It’s Mental Health Awareness Month, and if your LinkedIn feed is anything like ours, it’s full of reminders to go outside, touch grass, meditate, and take breaks. (We even posted some of these reminders on Thursday). It's all valid advice, but if a company’s mental health strategy starts and ends with employee "tips" in May, a lot is missing.
Mental health support shouldn’t be a seasonal campaign or a once-a-year agenda item. But it should be part of a company’s culture. That takes more than a Slack shoutout or a wellness webinar. It takes intention, a system, and trust.
Here’s what we do at BAM—and what we think other teams can, too:
We use PTO without fear.
When a team member says they need a mental health day, personal day, or time to care for a family member, no one flinches. Flexible time off isn’t something offer performatively. It’s something we use. That starts from the top, where leadership normalizes taking PTO.
What if your team isn’t using their PTO? The problem likely isn’t them; it's the company culture.
We embrace flexible schedules.
Speaking of flexibility, BAM operates on a four-day workweek—meaning we offer flexibility on when and how people work. Of course, we have our core hours and meetings. But we operate on a trust-based culture: we show up, get sh*t done, and communicate clearly, without micromanagement or a butts-in-seats attitude. (In other words, you can make that 5ET workout class, and send that email later).
We prioritize being efficient over being "busy".
Meetings are fewer and shorter, and the ones we do have are intentional. We build in deep-work time (through meeting-free Wednesdays) so people have protected space to think, create, and focus. The result? More thoughtful work and less Zoom fatigue.
We keep workloads realistic.
When BAMfs are stretched thin, we don’t "celebrate" burnout. We tackle it. This might shifting priorities, rolling up our sleeves to support each other, or hiring. Flat structures and a “nothing is beneath me” mentality means we're in this together.
We practice radical candor.
It's not just about benefits, but about how teams show up for each other. We use radical candor as a framework: caring personally while challenging directly. Giving thoughtful feedback, having honest conversations, and asking each other how we prefer to receive that feedback are all important.
Companies can't tout psychological safety as another buzzword. It needs to show up through daily practice.

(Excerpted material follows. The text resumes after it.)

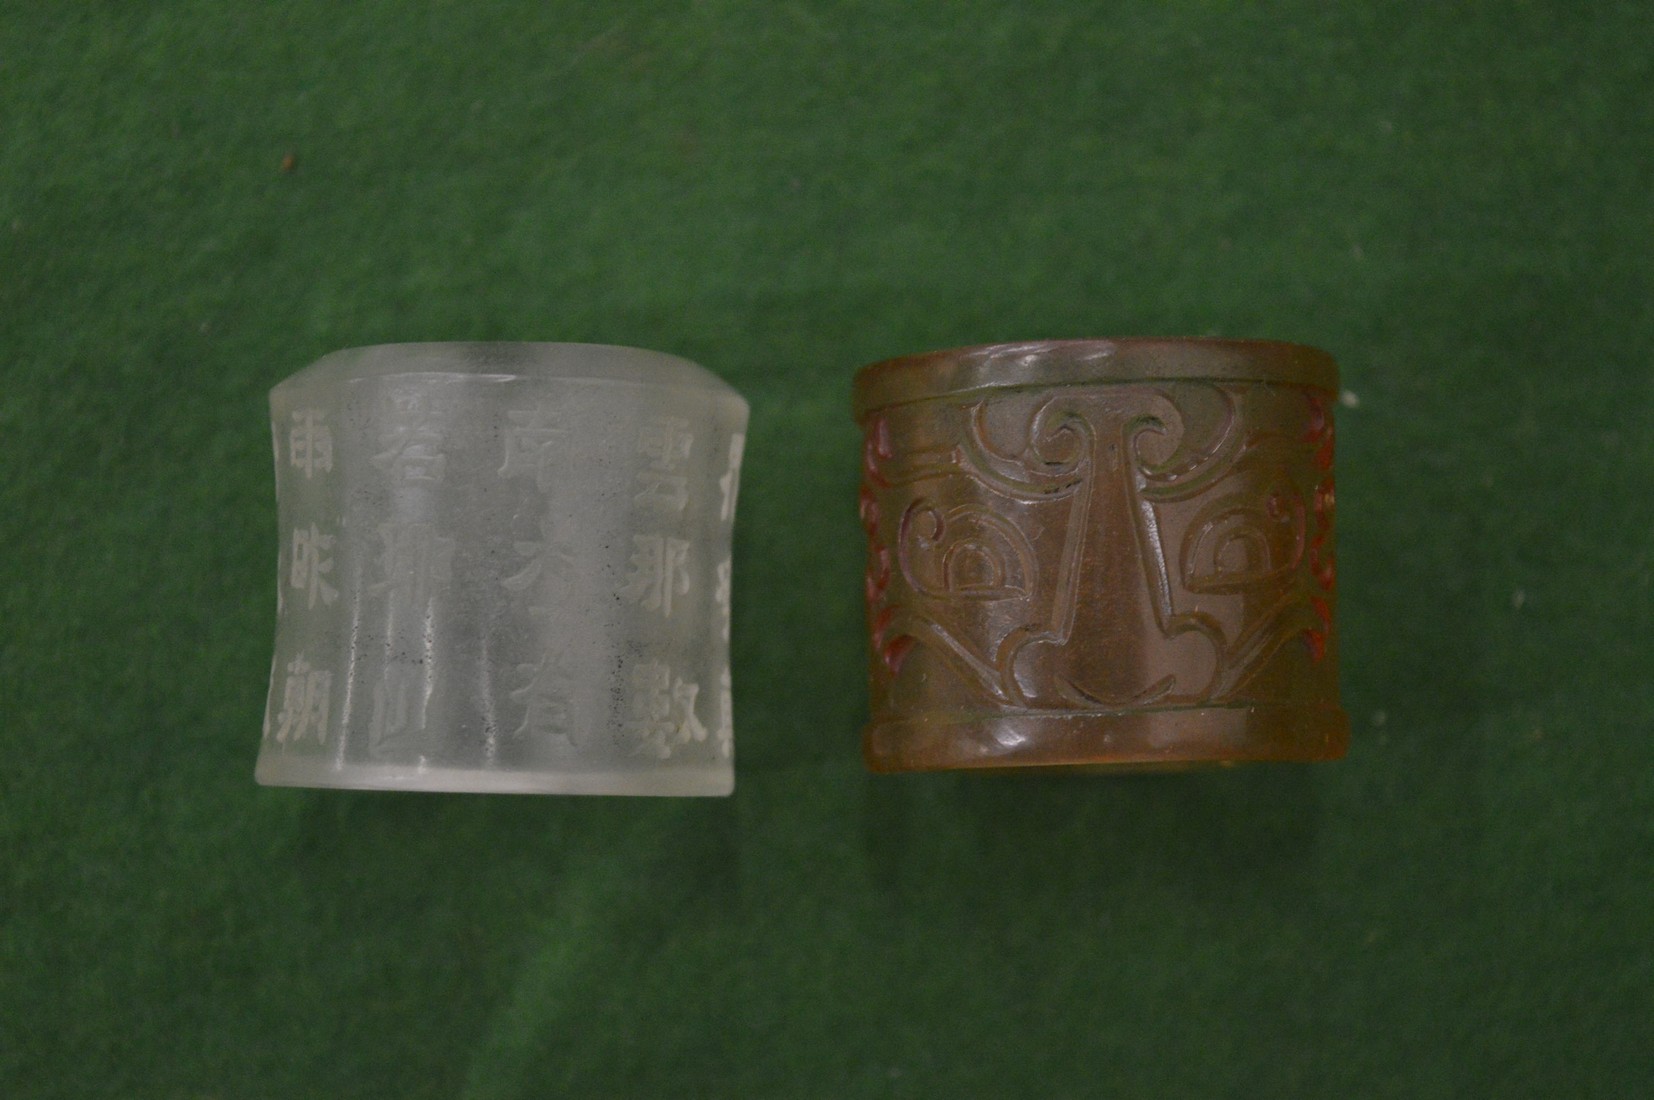 Two archers rings.

We check in, often and openly.
During 1:1s or team meetings, you’ll often hear, "What color are you?" (Green: feeling good. Yellow: in the middle. Red: overwhelmed.) It’s not an icebreaker. It helps us figure out how to show up for each other in real time.
DEI includes everyone.
DEI sessions are built into our company-wide stand-up meetings, and we take turns running sessions. This month, our DEI session focused on mental health because sometimes the most inclusive thing we can do is talk honestly about how we’re really doing.
We normalize being human.
Mistakes? We all make them, so we all talk about them. During monthly BAM meetings, we share "fuck ups and failures" as a team. No, we don't dwell on them. But we do learn from them and remind ourselves that perfection isn’t real.
We support therapy and coaching.
Every BAMf gets a monthly therapy stipend, plus access to paid coaching through Sphere. Having support outside of your direct manager makes a difference, and we believe people should have free or affordable access.
Mental health at work doesn't mean a PTO day in May or a free meditation app (though those are great, too). It’s built into your every day work culture, and shows up through decisions made, systems shaped, and whether employees feel safe showing up as humans.
Mental health culture is built, not branded.
BAM's far from perfect. But we’re proud to keep trying, adjusting, and showing up.
Let’s stop seeing mental health at work like a marketing opportunity and start seeing it like the foundation it is. And if you’re working to build a culture that prioritizes people over performance, we’re cheering you on.